It appears that Angela Knight, head of the British Bankers' Association, thinks that now is not a good time for structural reform of the banks to make them less dangerous to life and liberty in the event of their failure.
It also appears that John Cridland, chairman of the Confederation of British Industry, thinks the same.
Knight argues that reforming the banks now, when the economy is dodgy, the stock market is volatile and the Eurozone is imploding, would delay economic recovery. She wants banks to concentrate on making money so that they can "pay taxpayers back". Implementing structural reform to reduce risk can come later, apparently.

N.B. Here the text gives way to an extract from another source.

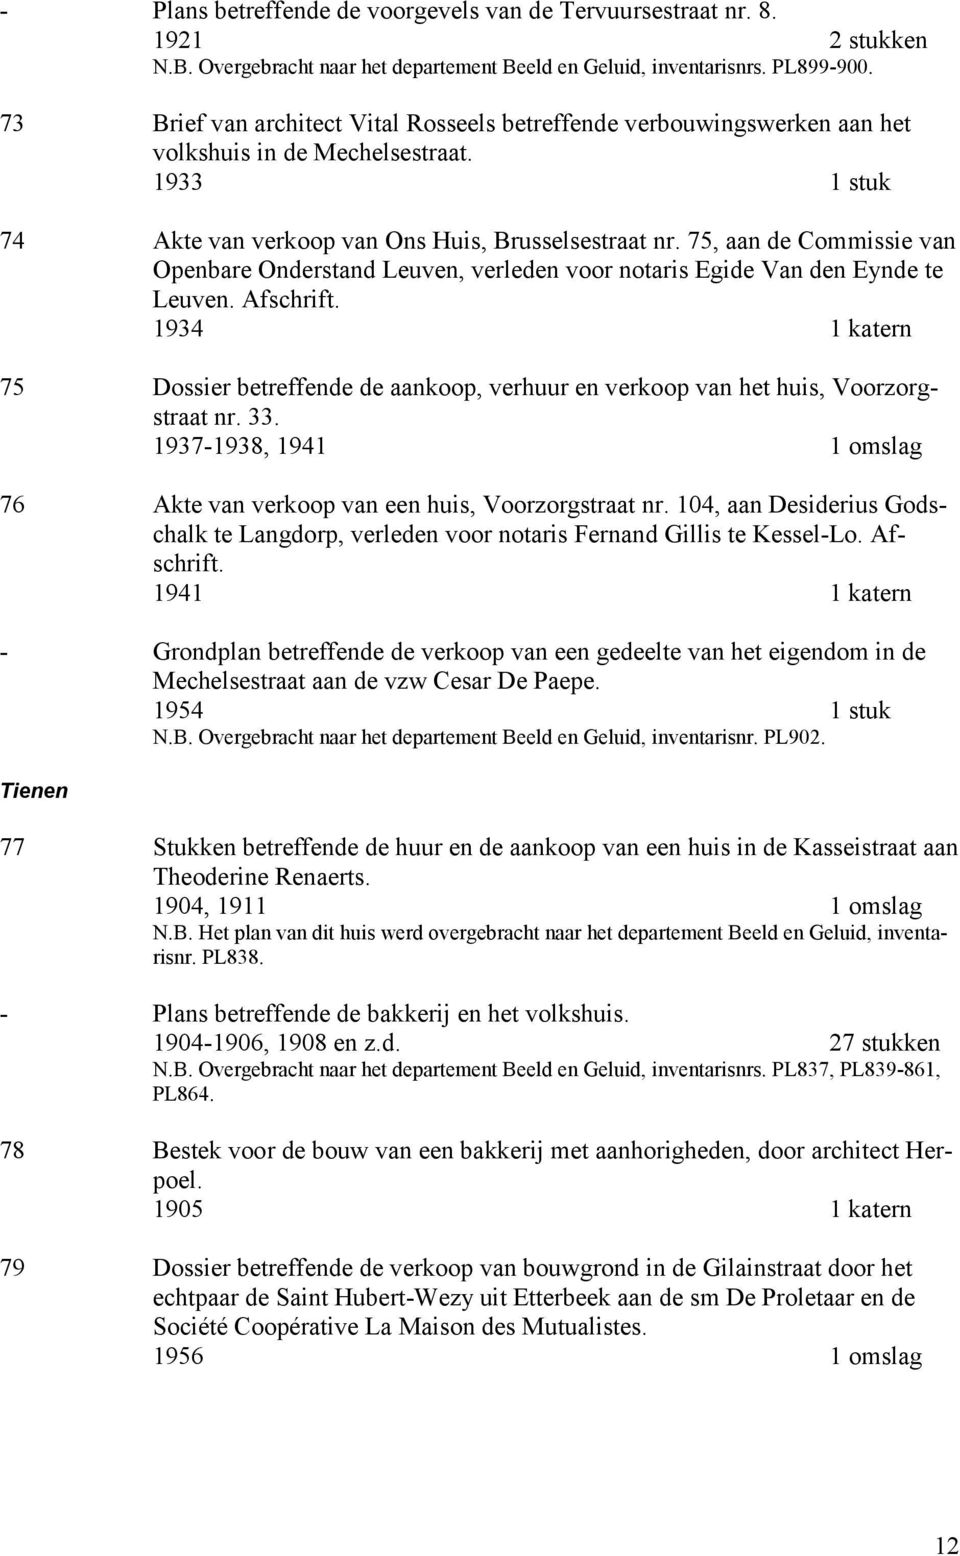 75, aan de Commissie van Openbare Onderstand Leuven, verleden voor notaris Egide Van den Eynde te Leuven. Afschrift.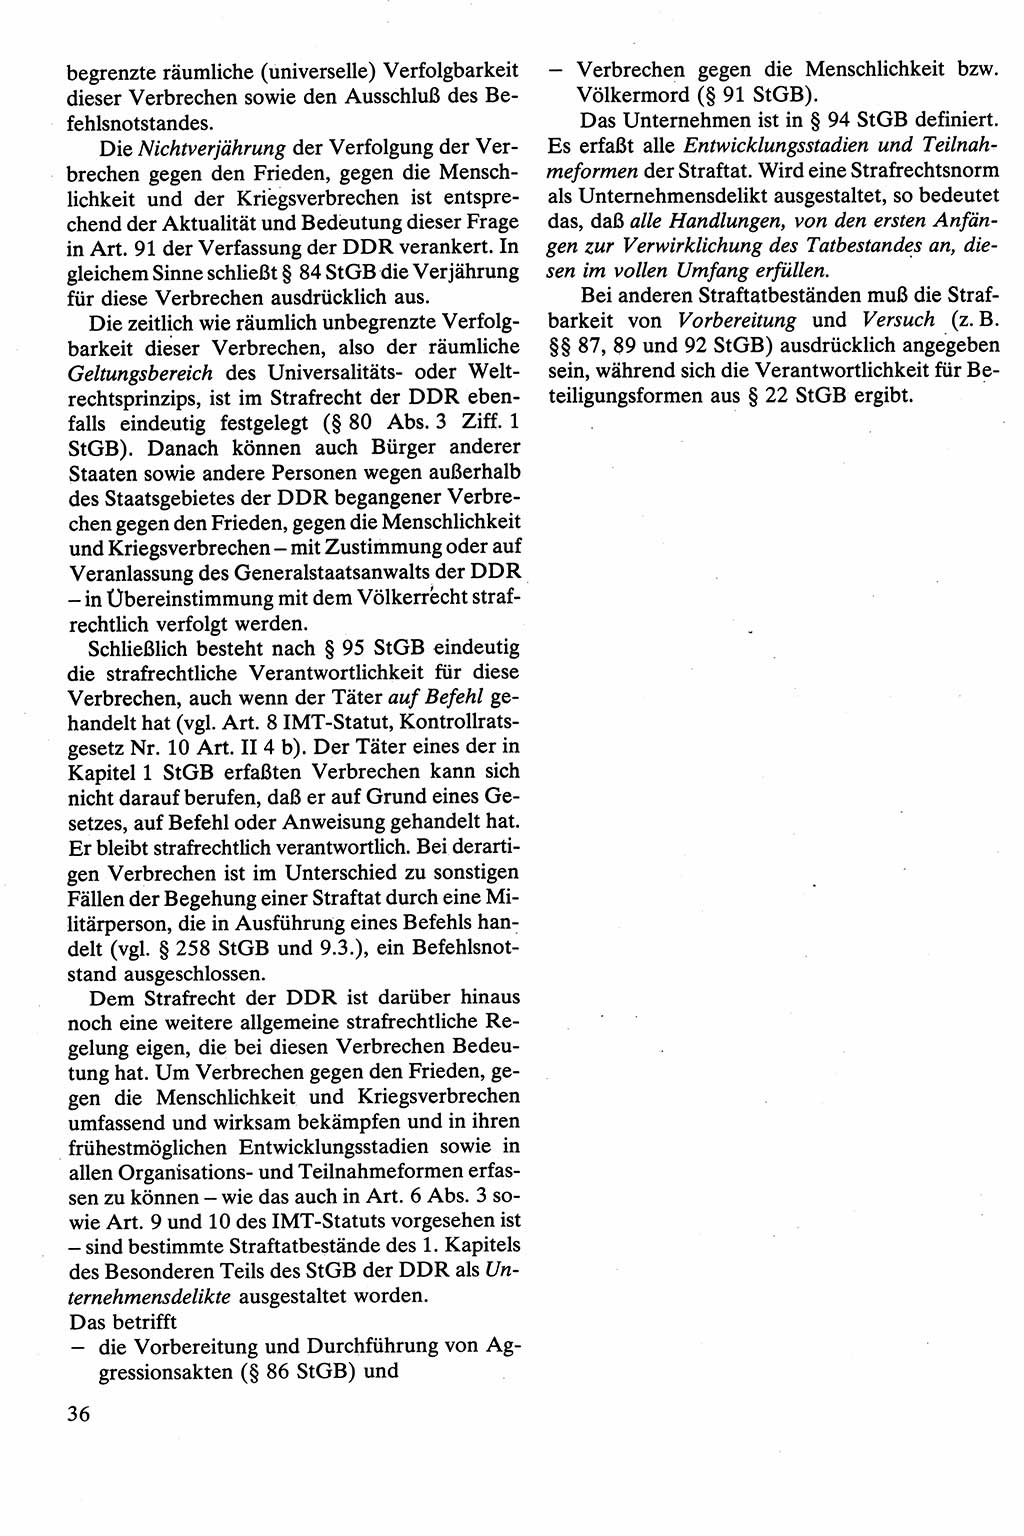 Strafrecht [Deutsche Demokratische Republik (DDR)], Besonderer Teil, Lehrbuch 1981, Seite 36 (Strafr. DDR BT Lb. 1981, S. 36)

That's bonkers. We are facing a banking crisis that could make Lehman look like a minor flurry. The imperative to reform banks to ensure that they can fail safely has never been stronger. Delay economic recovery? Disorderly failure of unreformed banks wouldn't just delay it, it would cancel it for a generation. And how come paying back taxpayers has suddenly become so important? It hasn't been exactly high on banks' agendas for the last three years.
Now, I am by no means convinced that the reforms proposed by the ICB will have the desired effect of making the banking system safer. I think they are half-baked, to be honest. I have written about this extensively, most recently here. But to leave things as they are is the worst possible option. The ICB's recommendations, weak and flawed as they are, are better than nothing.
Knight's opposition to reform is no surprise, really. She speaks for the banks. The banks don't really want to make any changes that mean they will make less money. So this is simply the latest in a long line of attempts to derail the process of reform.
What is more surprising is John Cridland's support for her views. According to the Guardian, he fears that introducing a retail ring-fence will "stem the flow of credit to businesses".
Amazing. So he fears that the banks won't be able to raise the extra capital they need to reduce the risk of catastrophic losses from dodgy lending, so will have to stop lending - not that they were doing much anyway. Maybe he thinks (hopes?) that bank lending isn't dodgy any more, so there's no need to make it safer. Or has he bought into bank scaremongering? They have argued from the start that retail ringfencing and higher capital requirements will reduce the availability of credit. I dispute this. I see no reason why ring-fencing should reduce lending - unless, of course, banks can't raise the extra capital required. Higher capital requirements do increase the cost, of course. But that's already happening: banks have already increased the spread between borrowing and lending rates to enable them to retain more profits without reducing shareholder dividends.
Whatever the reasons, Cridland's objections are as specious as Knight's. And there seems to be a distinct shortage of common sense around. Yes, the economy is fragile. But the risks to the banking system are the single greatest threat to economic recovery. Some sort of reform - even a half-baked one - is urgently needed. The Government should ignore both Knight and Cridland and get on with the job.